Going for the Savi usericon on this one, because he's appropriately flamingly gay, whereas I'm more of a Kinsey-scale two.

Interesting idea, though, and glad you brought it up. It's no more silly than my theory-of-the-moment a while bax that the dragons behind Earth dragon mythology were actually enormous insects (six limbs, wings, not warm-blooded, and tough, impenetrable outer coverings). ]B=8)

I was noticing a contradiciton in the third-world countries and started to drop this, but came up with two things:

1. This is half just for fun and to show where my brain goes when I forget to turn it off.
2. Third-world countries, generally, have significantly less personal and religious freedom. As religion is a part of daily life, and those religions generally go against homosexuality, there is far more of a social stigma to fight.
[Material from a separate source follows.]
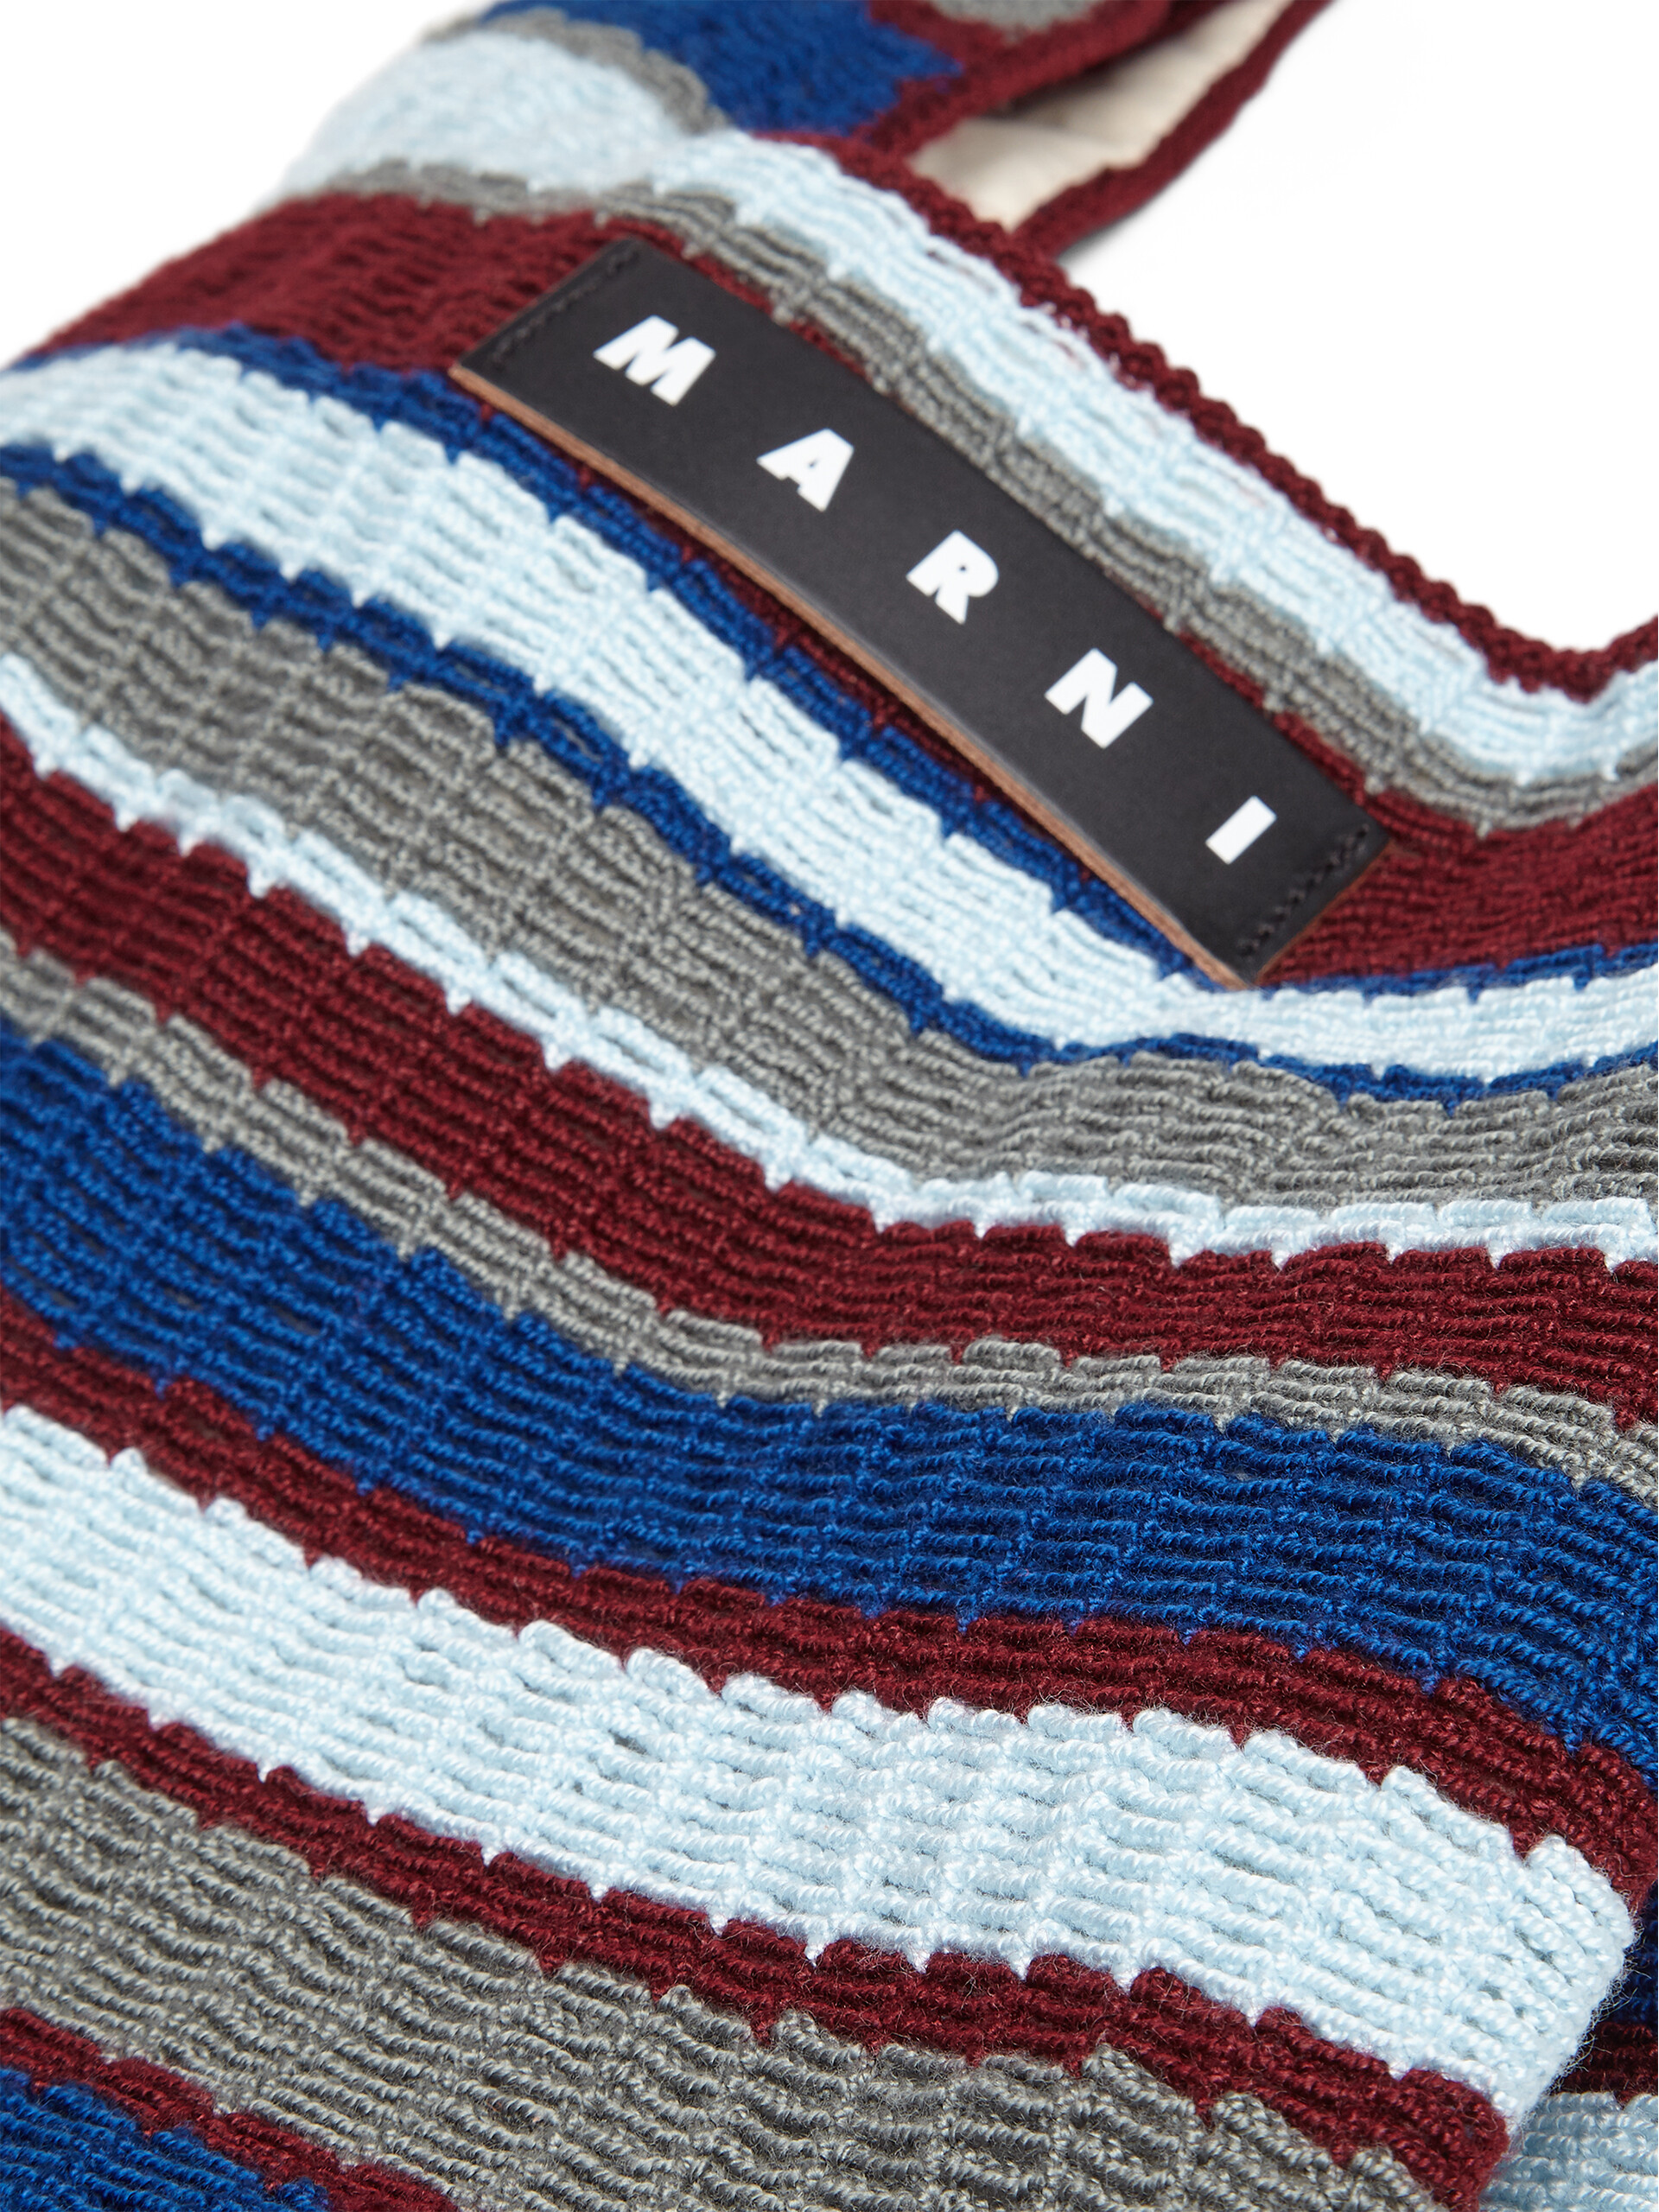 Borsa MARNI MARKET FISH in crochet bianco e blu - Borse - Image 4
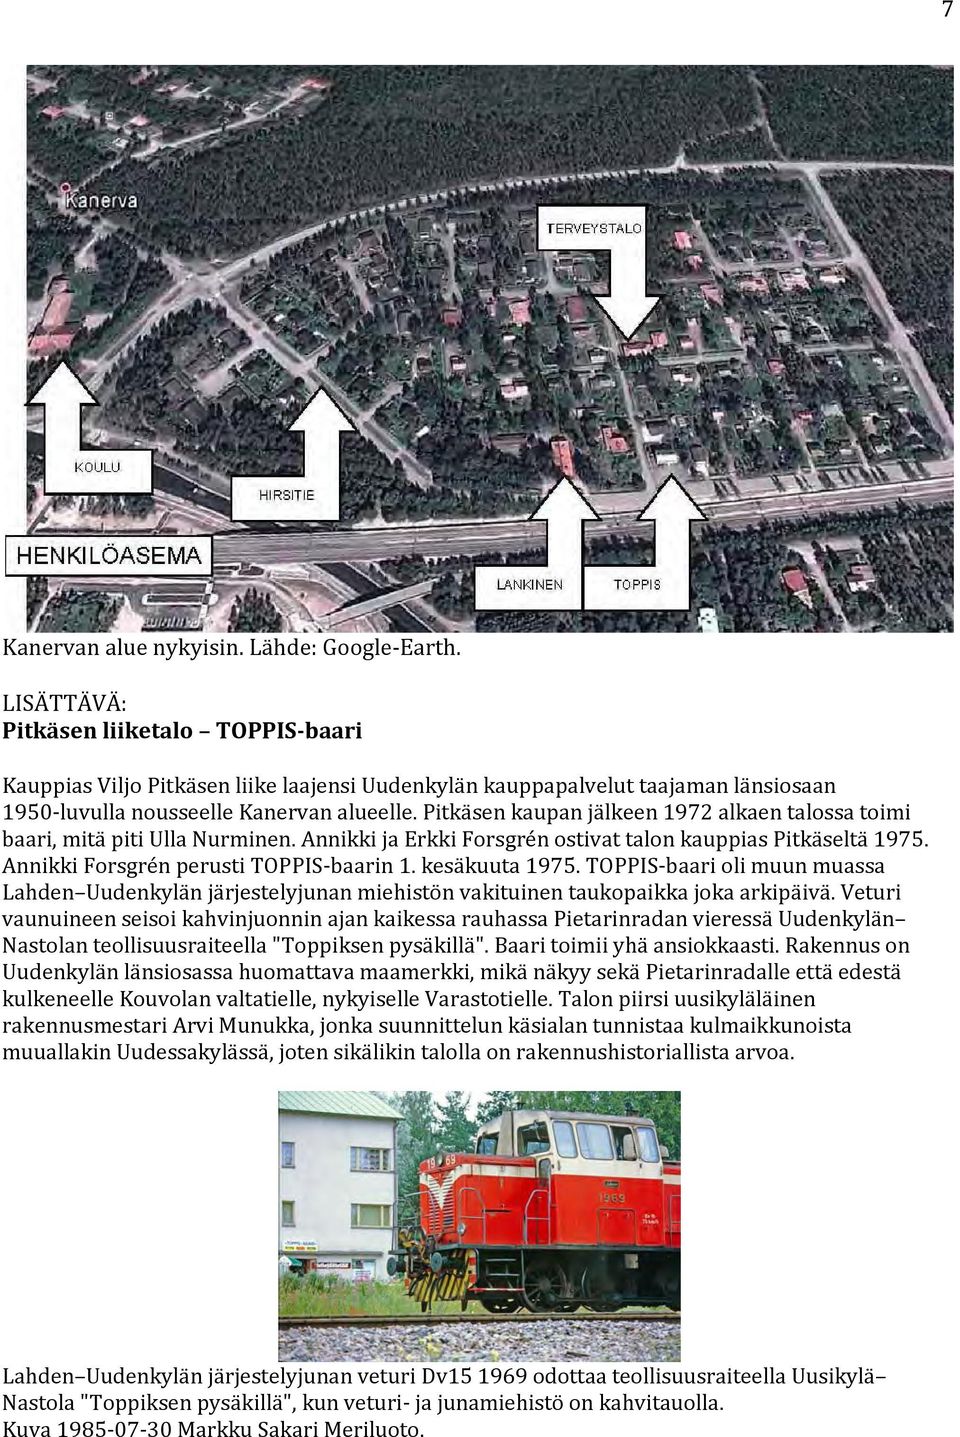 Pitkäsen kaupan jälkeen 1972 alkaen talossa toimi baari, mitä piti Ulla Nurminen. Annikki ja Erkki Forsgrén ostivat talon kauppias Pitkäseltä 1975. Annikki Forsgrén perusti TOPPIS baarin 1.

I agree that it's not much of a response, and I do agree that third-world countries, in general, are a very good counterexample. I should make the observation that society might play an extremely large role in this: for aforementioned religious reasons, there's incredible social pressure to reproduce for the next jihad.

However, I quite agree that this hypothesis is full of shit. It's what happens when I have too much time and not enough to do.

Wow, a very compelling hypothesis, one probablly even mentioned somewhere, I guess. But it's true of an issue in many respects, although this obviously isn't the only single hypothesis to explain the homosexuality issue.

It sort of reminds me of historical arguments...there are many factors, especially since this gay stuff feels so psychodramatic to me, since we look towards our beginnings to feel just how this goes on so we can understand it more clearly.

In the end, though, we (some or most of us, but not all) enjoy it as a wonderful feeling in the multivalence of experiencing life.